This issue of High Country News departs from our usual fare - it's still devoted to news and to truth, but of a different variety. News, not of mining and drilling and public policy, but of thought-provoking books and of authors well worth getting to know. Truth, not as found in facts and statistics, but the more layered reality revealed by personal experience and reflection.
The essays and articles in this issue are signposts of a sort, markers to help us triangulate on the complex, chaotic place we call the West. Through these stories, we may learn a little more about ourselves as Westerners, about the places we build today and the sometimes harrowing past of this land - and perhaps we'll glimpse a future worth creating.
Portland author David Oates takes us from a Sierra Nevada campsite to a plaza in France and a square in Venice, examining the essential qualities we look for in spaces public and private - the particular things that make a place feel like home. Further insights on being at home in the West come from historian Rebecca Solnit, interviewed by Laura Paskus. Peter Chilson, who teaches literature at Washington State, finds similarities in the histories of West Africa and the American West, both "large and sunlit lands" ravaged by conquest.

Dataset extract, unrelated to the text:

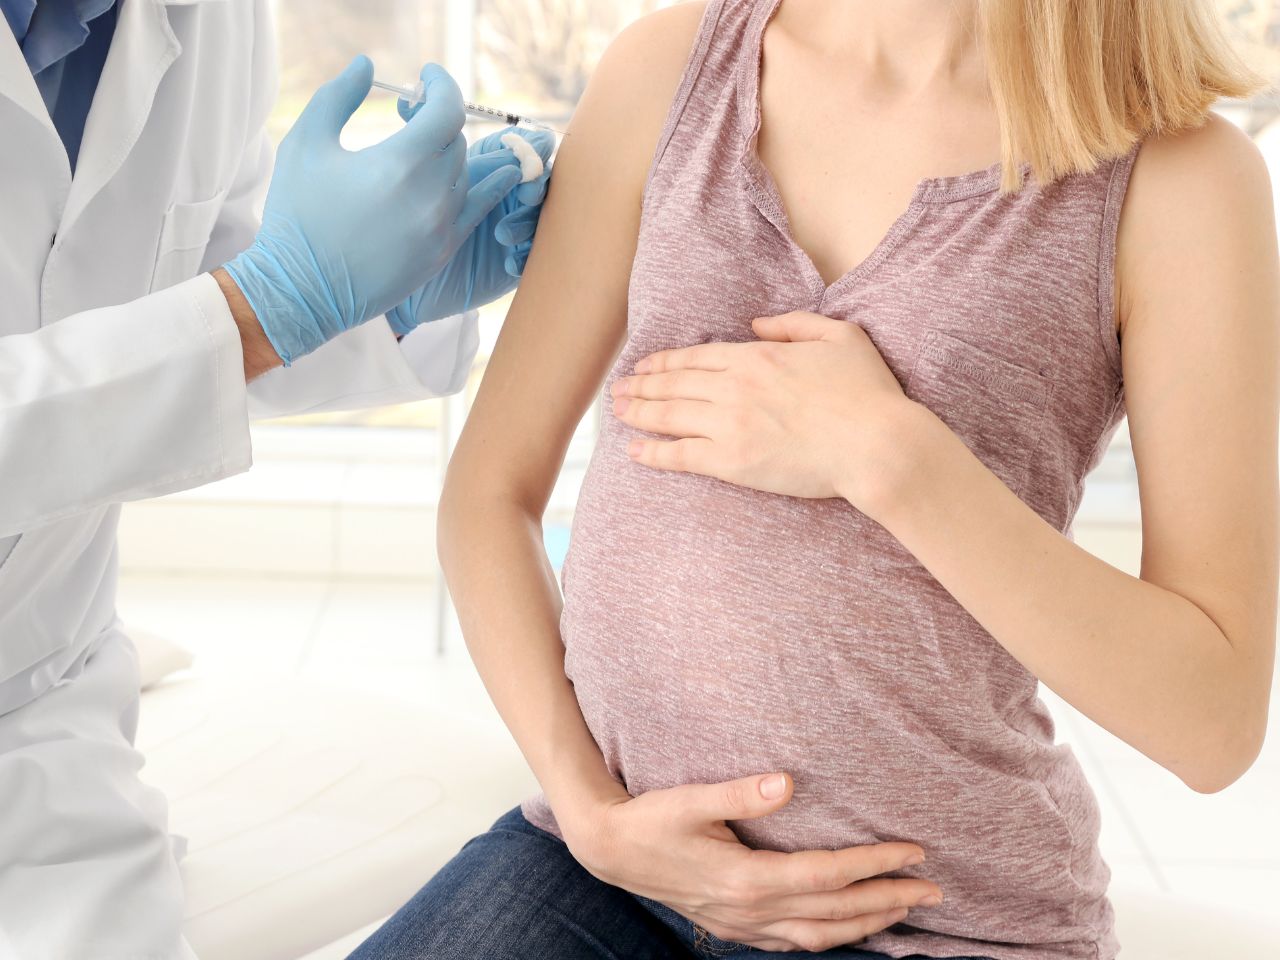 Vaccinarsi in gravidanza, tra questione delicata e informazione adeguata

Tales of hitchhiking across the region's empty spaces, relayed by contributing editor Michelle Nijhuis, expose our secret loneliness and offer a chance to redeem ourselves through human connection. They also show us the essential quirkiness of Westerners: Hitchhiker Dev Carey is picked up by a driver who says that as a child he was diagnosed as having only half a brain. The doctor told him it was a very dangerous condition and the thing to do was not to think.
Oddly enough, I can relate to that. Last fall, I started having constant headaches. They worsened to the point that I could hardly eat, let alone think. A doctor finally figured out what was wrong: While I did still have a whole brain, it was a quart low; the fluid that normally cushions the brain was mysteriously leaking out. While I lay immobile in the hospital for a week, depressed and bored, a dear friend came to read to me. She brought her son's latest favorite, the fantasy Inkheart by Cornelia Funke. In the book, reading aloud literally brings characters to life - the villain escapes the pages of his own story and wreaks havoc in the heroine's world. In much the same way, my friend's voice wove a refuge for me, a distant land I could escape into. Perhaps the voices in this issue of HCN will do something similar for you, giving you a window into other parts of the world and the West.